Now let the Young tableaux T and S given. We want the summands in the decomposition determine (in the above example, you could quite easily do this by hand, especially with character theory, but for larger Tableaux this will quickly become very tedious ).

The so-called Pieri rule takes care of this in the special case when the tableau S consists of only one line: In this case, the sum of all Young tableaux resulting from the Young tableau T by appending a total of m new cells (where m is the order of S ), with a maximum of a new cell per column.

For example (the asterisk is only used as a guide for the assignment of the cells):

[ ] [] ( X) [* ] [* ] = [ ] [ ] [* ] [* ] [] [ ] [* ] [] [ ] [* ] [] [ ] [ ] [ ] [ ] [ *] [ ] [ ] [* ]                                                 [*] [ *] A combination as

[ ] [] [ ] [*] [*] does not occur in the development, because in it the first column contains two cells added [* ].

To form the outer product (X) between any Tableaux you disassembled first one of the two tableaux in an alternating sum of outer products of one-line tableaux according to the following rule: Do we have a tableau of the form ( i, j, ..., n, m ) in front of us, then we calculate the outer product (i, j, ..., n ) (X) (m). We get a sum of tableaux, including our initial tableau (i, j, ..., n, m), but also some more tableaux. These further tableaux are now deducted:

(i, j, ..., n, m) = (i, j, ..., n ) (X ) (M ) - ( some more tableaux ).

On the resulting sum, the procedure is applied recursively. This recursion always comes to an end, because with every step tableaux arise, who in the last line at least one cell less.
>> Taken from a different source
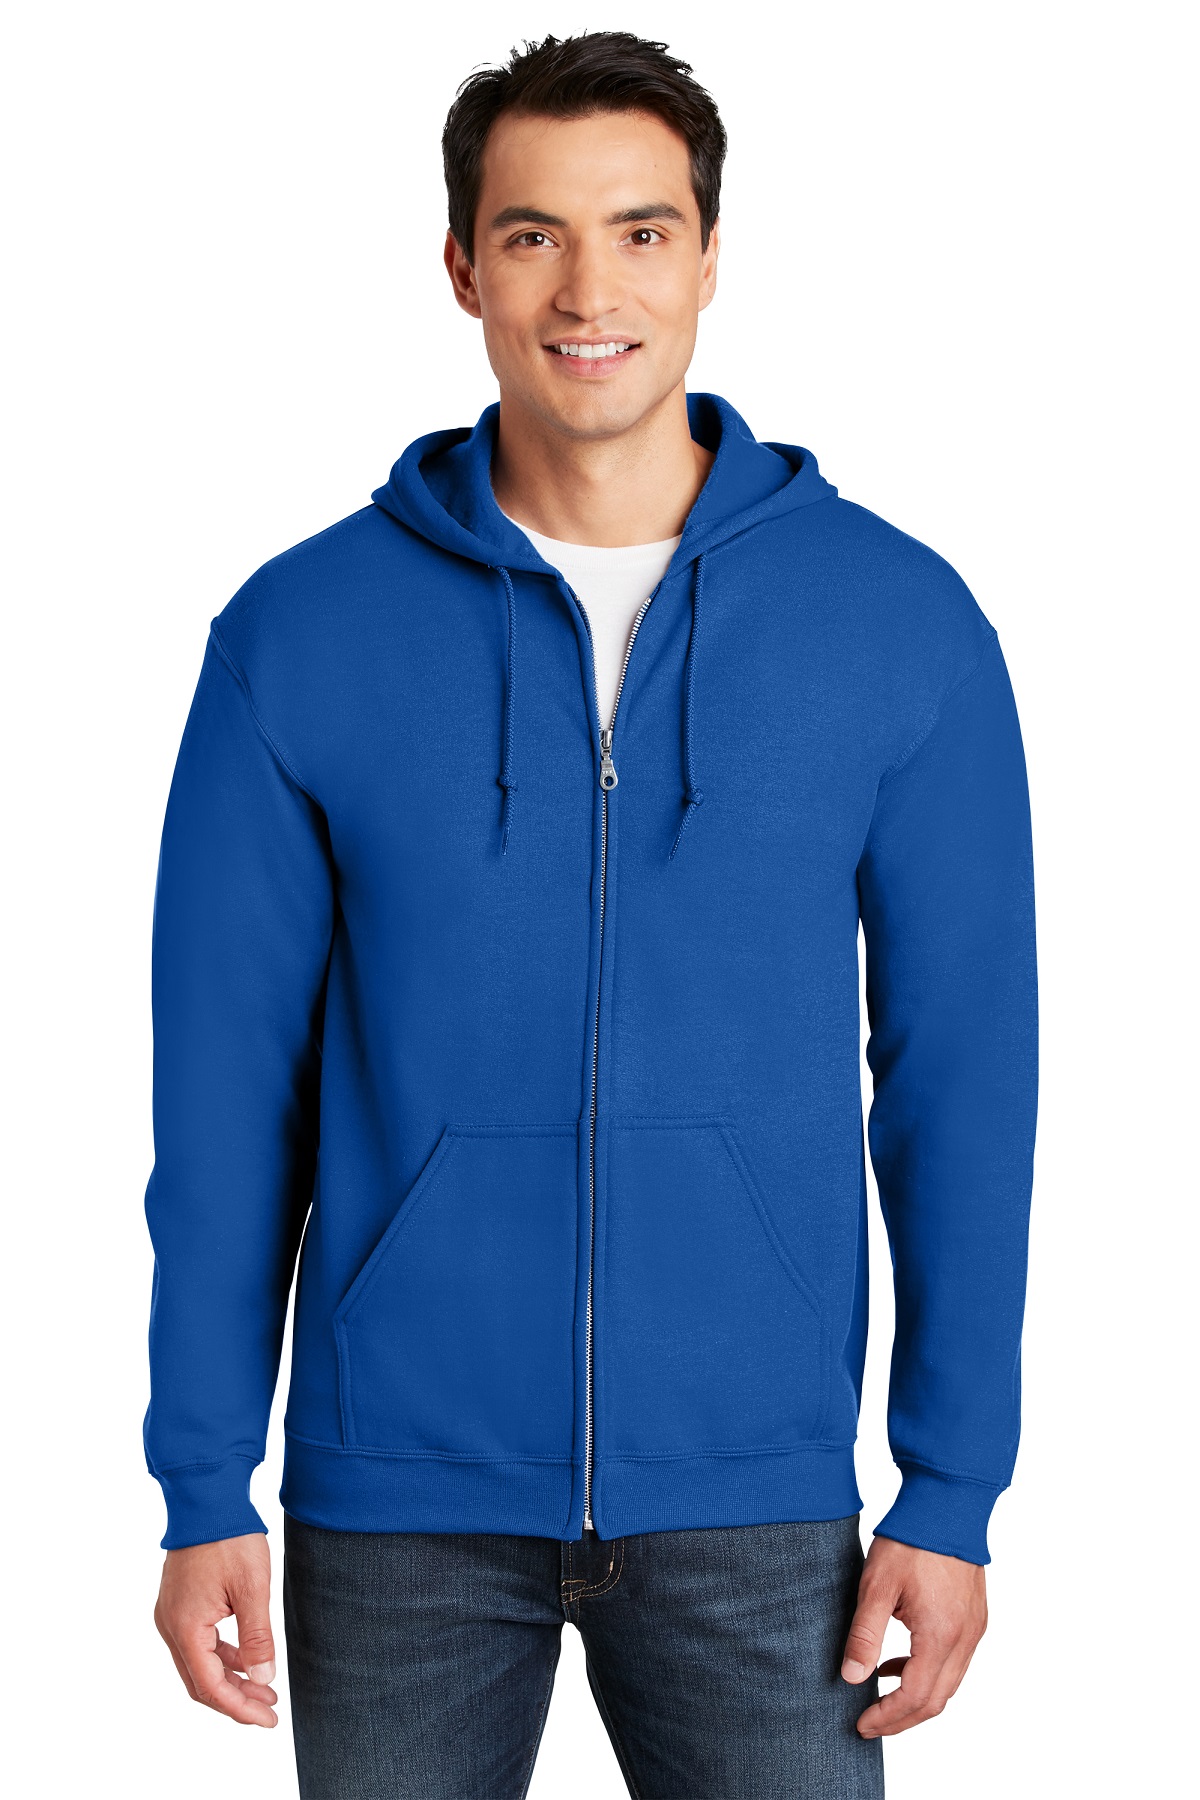 Gildan Embroidered Men's Full Zip Hooded Sweatshirt - Queensboro

For example (the asterisk is only used as a guide for the assignment of the cells):

[ ] [] = [] [] ( X) [* ] [* ] - [ ] [ ] [* ] [* ] - [ ] [ ] [* ] [ ] [ ] [* ]         = [] [] ( X) [* ] [* ] - [ ] [ ] [* ] [* ] - ([] [ ] [] ( X) [* ] - [ ] [ ] [ ] [* ] ) After this decomposition, one can perform the actual multiplication by exploiting the associativity of the outer product and using the Pieri rule. An application of the outer product can be found in the decomposition of the tensor representation of a many-body system.

Warning

The outer tensor product of two representations V and W are two symmetric groups and is not to be confused with the inner tensor product of two representations V and W one and the same symmetric group. The latter is ( as I said ) is defined only for two representations of the same symmetric group, and even then it differs from the outer tensor product ( it is a representation of, while the outer tensor product of a representation is ). The decomposition of this inner tensor product into irreducible representations is still a lot more difficult than that of the outer tensor product. Instead of the Littlewood - Richardson coefficients here called Kronecker coefficients come into play.

Importance

The use of Young tableaux is diverse. They serve

• To determine the dimensionality of the irreducible representations of the symmetric group
• For the construction of projectors on the subspaces of the irreducible representations of the symmetric group
• As an aid in the proof of propositions related to the symmetric group
• Decomposition of the outer product into its irreducible components

In addition, for example, in elementary particle physics using the technique of Young tableaux is a decomposition of the tensor of Mehrteilchensystemen possible. Among other things, they were used to elucidate the quark structure of hadrons. Quarks were initially not directly observed by high-energy scattering experiments, but had to be inferred from the scheme of the realized as representations of the underlying group composite particles initially.